– Как, и вы здесь? - спросила голова.
– А я не знал, что вы задержались так поздно.
– Колдовали все в мастерской, тележку для Яши доводили.
– И как? - спросили мы с Яшей одновременно.
– Смотрите, - небрежно сказала голова и исчезла, а вместо нее в дверь въехала небольшая тележка с тумбообразным туловищем и двумя опущенными руками.
– И я смогу по собственному желанию передвигаться с места на место? - спросил Яша.
– Еще как! - с гордостью сказал Герман Афанасьевич. - А что, может, попробуем сейчас?
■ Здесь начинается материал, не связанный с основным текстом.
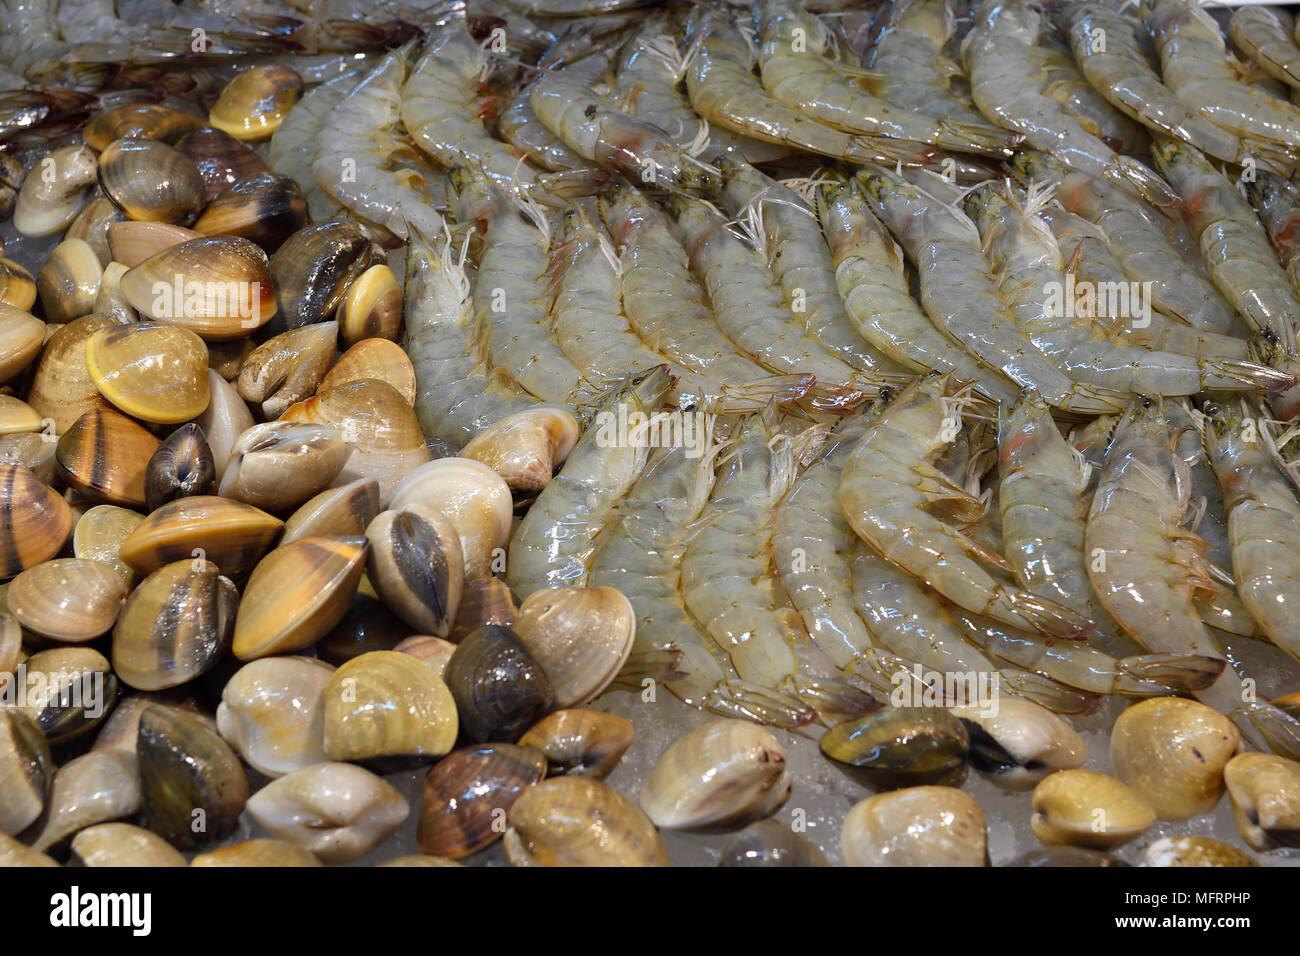 Los diferentes mariscos, pescados y mariscos del mercado de fin de semana Naka, Phuket, Tailandia Imagen De Stock

– Сейчас, сейчас, - заверещал Яша.
Мы подкатили тележку, подняли Яшу и осторожно опустили на тумбу.
– Займитесь-ка кабелем, Толя, а я укреплю его и подсоединю управление.
Через полчаса мы отошли на несколько шагов, и Герман Афанасьевич сказал:
– Ну, Яша, с Богом. Только осторожно. Тебе еще нужно освоить управление. Главное, не торопись.
Тележка дернулась, но не тронулась с места.
– Ничего, ничего, не нервничай, - сказал я, чувствуя, как весь напрягся, помогая мысленно Яше.
– Я не могу, - проскулил Яша.
– Сможешь, - твердо ответил Герман Афанасьевич. - Ты у нас все можешь. Ну еще раз!
Тележка вздрогнула и покатилась прямо на стену, резко затормозила.
– Ну сынок, катайся, - сказал Герман Афанасьевич и зачем-то начал тереть глаза лоскутом, который вытащил из кармана халата.
– Спасибо! - громко, на всю мощность своего усилителя, крикнул Яша и дал задний ход.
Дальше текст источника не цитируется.